# Exercise
Search the listing below for the line containing "The style is". From there through the line containing "Measures cm: Height 53 diameter 62.", transcribe every line exactly, both ends included.

# Data listing
▬▬▬▬▬▬▬▬▬▬
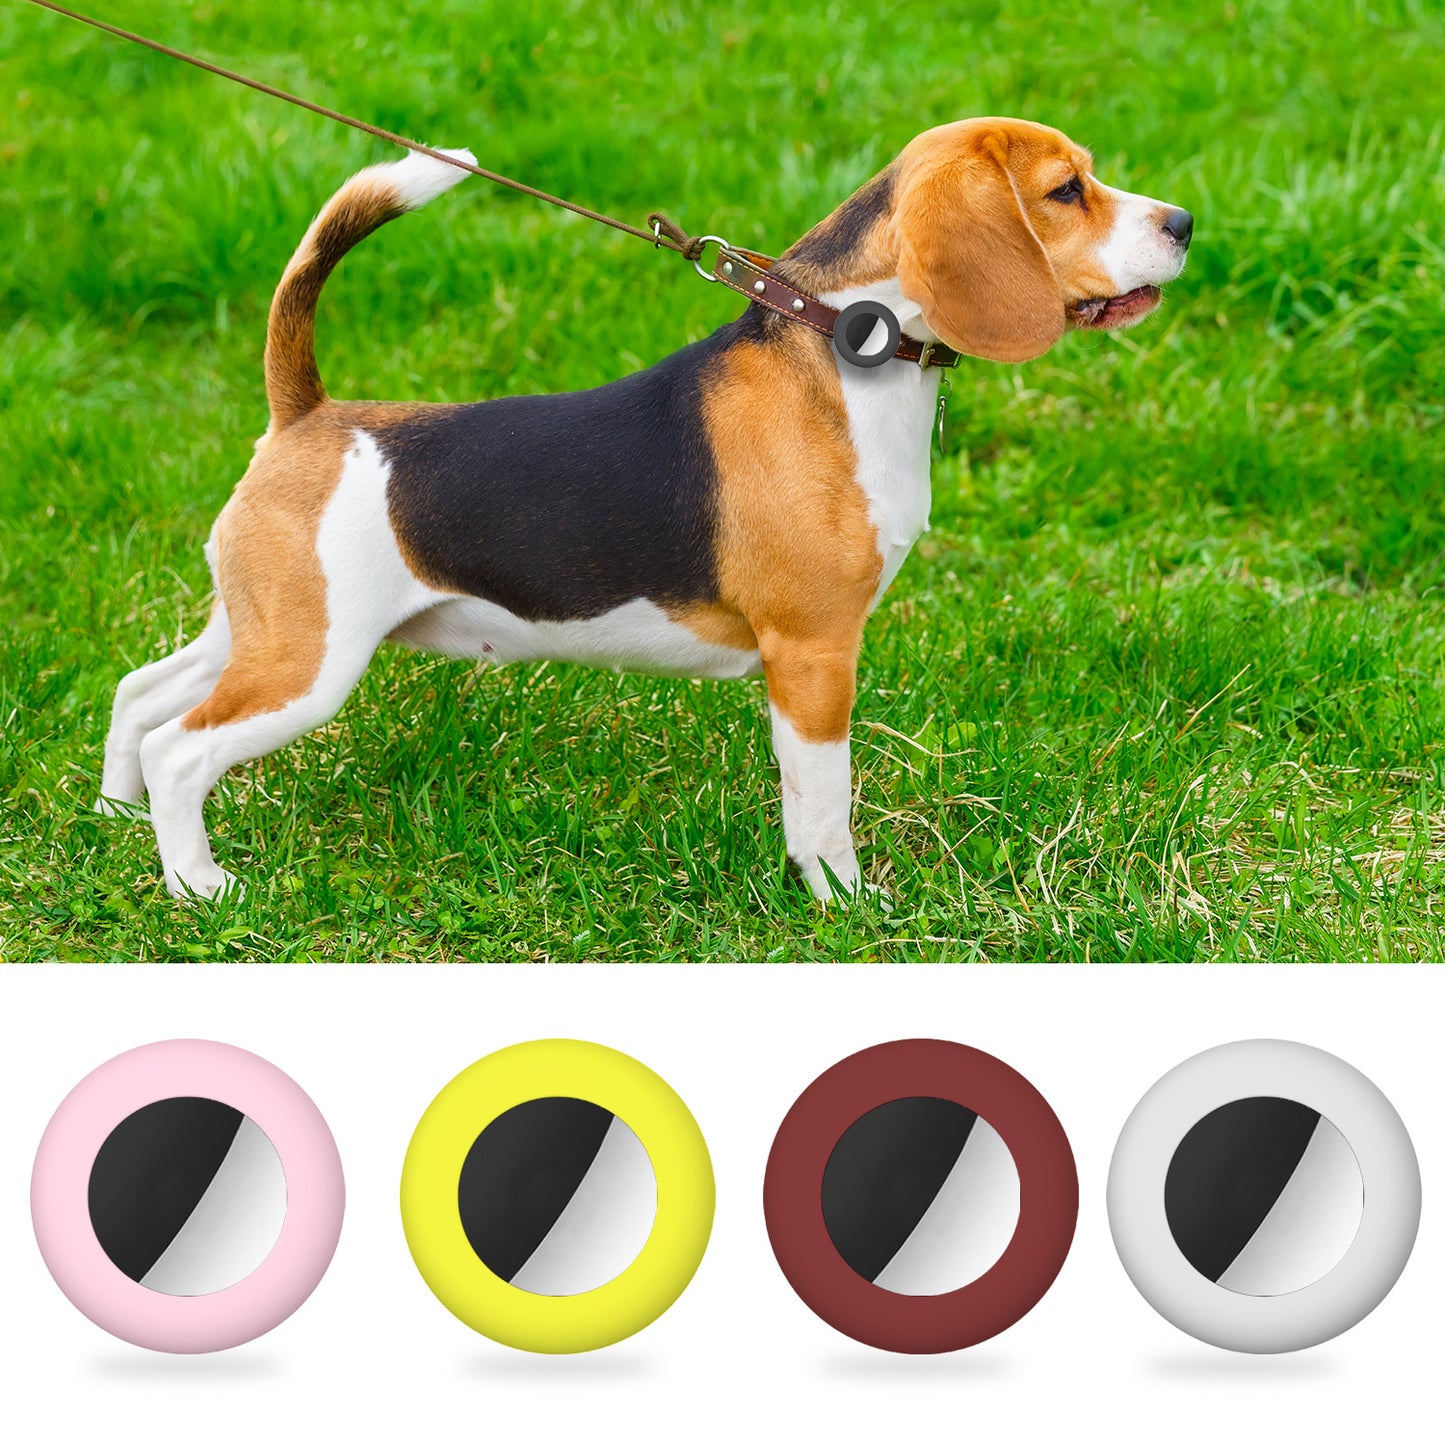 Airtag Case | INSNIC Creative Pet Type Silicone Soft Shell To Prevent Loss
▬▬▬▬▬▬▬▬▬▬
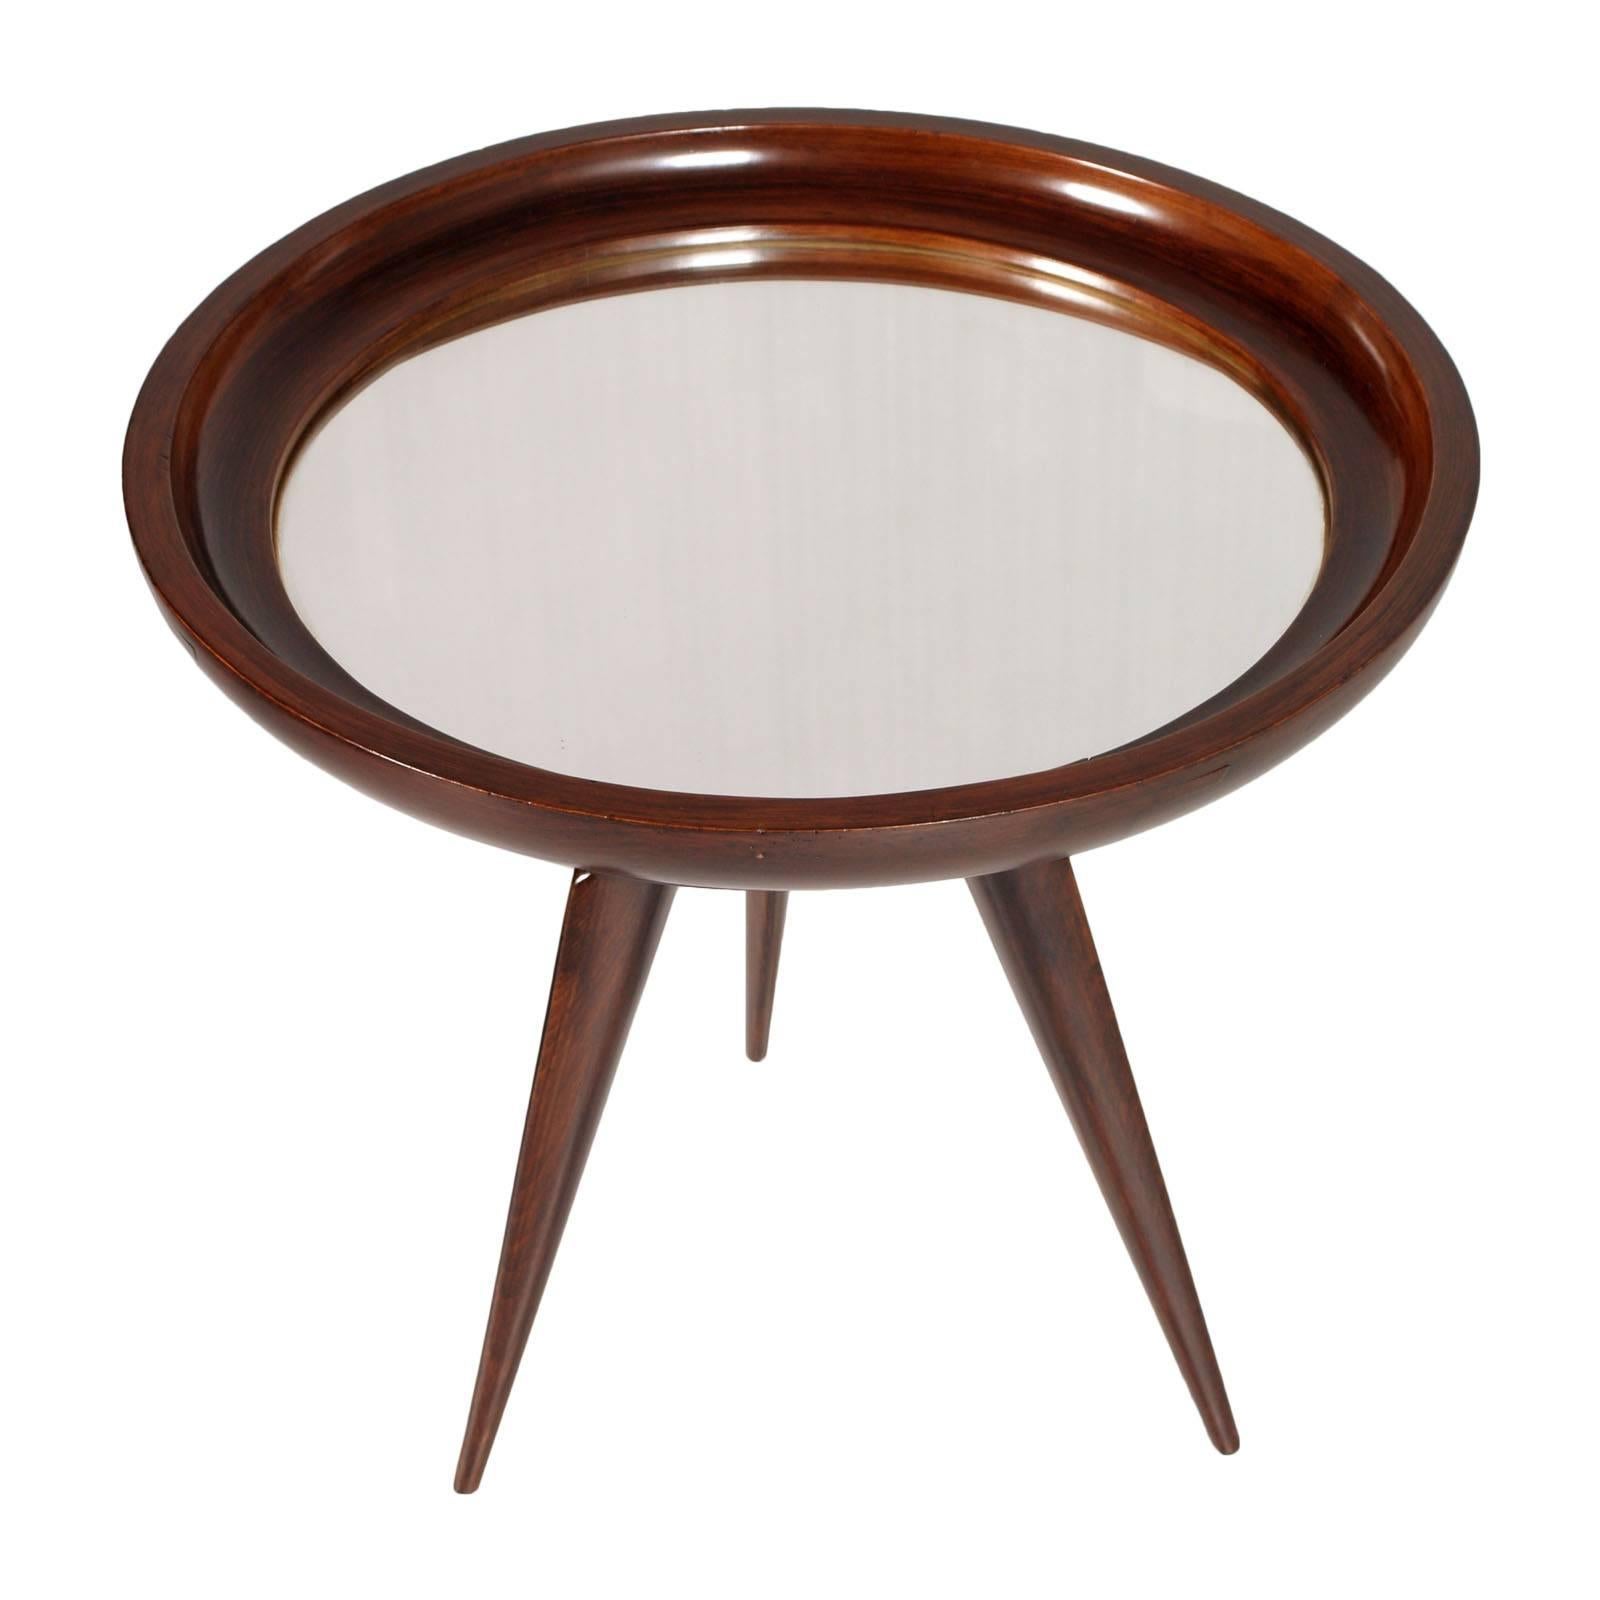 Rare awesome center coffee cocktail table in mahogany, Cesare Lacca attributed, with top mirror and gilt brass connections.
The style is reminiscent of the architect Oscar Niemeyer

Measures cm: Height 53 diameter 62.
▬▬▬▬▬▬▬▬▬▬
# Response for this exercise
The style is reminiscent of the architect Oscar Niemeyer

Measures cm: Height 53 diameter 62.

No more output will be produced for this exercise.